2009/3/27 Eddy Nigg <eddy_n...@startcom.org>:
> By the way, I'm *absolutely disgusted* by seeing the CN field be
> "Startcom Free Certificate Member".
>
> Perhaps you haven't used S/MIME certs from other providers then.... :-)

"Thawte Freemail Member".  "Startcom Free Certificate Member".  Same
difference.  I'm not looking for who issued the certificate, I'm
looking for the email address.  (I'm the user who's trying to figure
out if I have a certificate for a given email address.)

> But of course it's clearly aimed at getting the subscriber to validate his
> identity. It's signaling that this certificate has no other validated
> attributes. Performing the validation serves a dual purpose here. First of
> all we believe that validated identities may solve one of the problems of
> in-authenticity on the Internet and we are clearly promoting it, second it
> serves a business purpose (which is opt-in) and which nobody denies.

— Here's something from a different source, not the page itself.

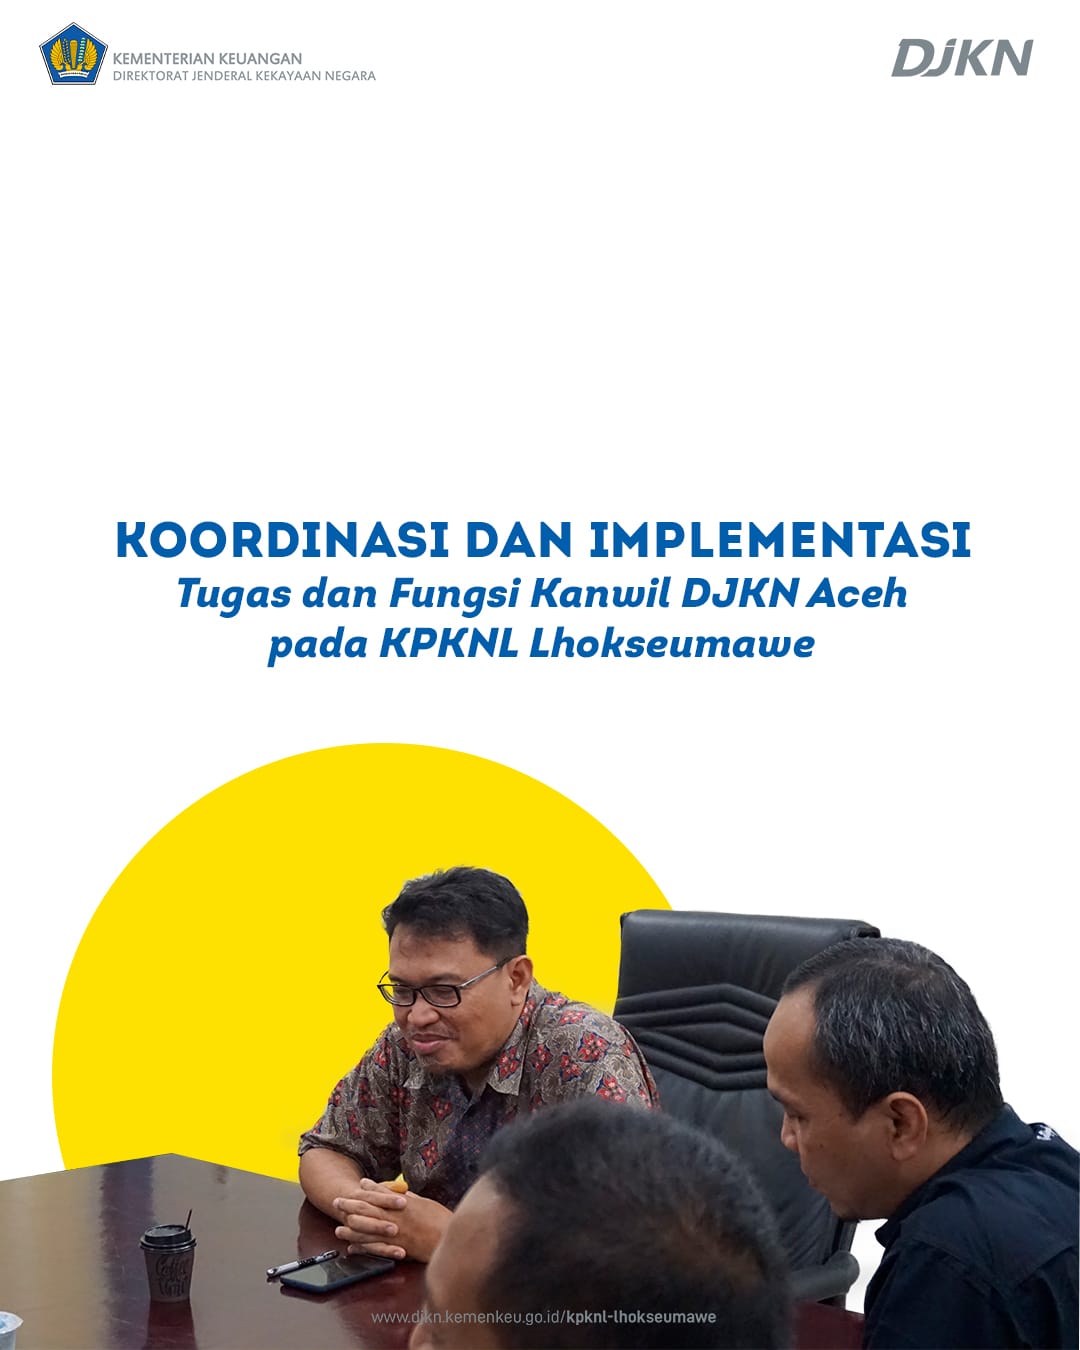 Koordinasi Implementasi Tugas dan Fungsi Kanwil DJKN Aceh  pada KPKNL Lhokseumawe

sure.  by making it impossible to use, impossible to administer in
day-to-day life.

Keep it Simple.  You're inconveniencing the person that the person is
communicating with, not the person himself.  This doesn't lead to that
third party saying "hey, get your name in this thing", it leads to
that third party not wanting to use the system at all.

I'm also going to state, once more: your Assumptions (in this case,
your Beliefs) are what are making this system NOT WORK.  Your Beliefs
are what are preventing people from wanting to participate.  Sure, you
set the rules, you set the UI... but nobody wants to play your game.

See, Eddy, the thing that I don't understand is this: you don't want
to authenticate *identities*, you want to "authenticate" *only* *legal
identities*.  This fails for any number of reasons, most notably that
someone can be fired for what s/he does on his/her off-hours.  A bank
manager can't write Harry Potter fanfiction.  A Department of Revenue
employee can't get support for his or her alcoholism (there's a reason
they call it "Alcoholics Anonymous" -- check your last name at the
door).

Oh, and a flight attendant can't post about unwanted sexual harassment
by passengers.

There are any number of reasons why people don't want to use their
legal names online -- and you know what?  They shouldn't have to.

(Not to mention the link that Ian posted, about the US State
Department issuing 4 valid passports to 4 fraudulent applications all
made by the same man, which was made possible by having a little bit
of information about 4 people who were -- fortunately -- not real.
Identity theft is *common*, though.  Hell, a recent episode of
ManFacts discussed how to forge someone's fingerprints based on beer
bottles at the bar.)

I've made the same arguments for years, and you still don't understand
why nobody wants to play your game.  I've bitched about the UI, and
I'm repeatedly told "talk to the UI developers".  The problem can't be
solved by talking to the UI developers -- the problem can only be
solved by the CAs and the UI developers working in concert with each
other.

THIS is why your concept of authentication fails -- because the
policies that you are trying to impose are policies that are harmful
to the people you're trying to impose them on!

And then they waste the time of everyone else, because the UI only
shows the CN, and because you refuse to let the CN be the email
address, instead showing that there are many people who have the same
common name -- when you're not even supposed to be signing any
certificate with any attribute you don't know, and you don't know
their common name.  All you know is their email.  So you're... giving
them *another identity*, with your certification.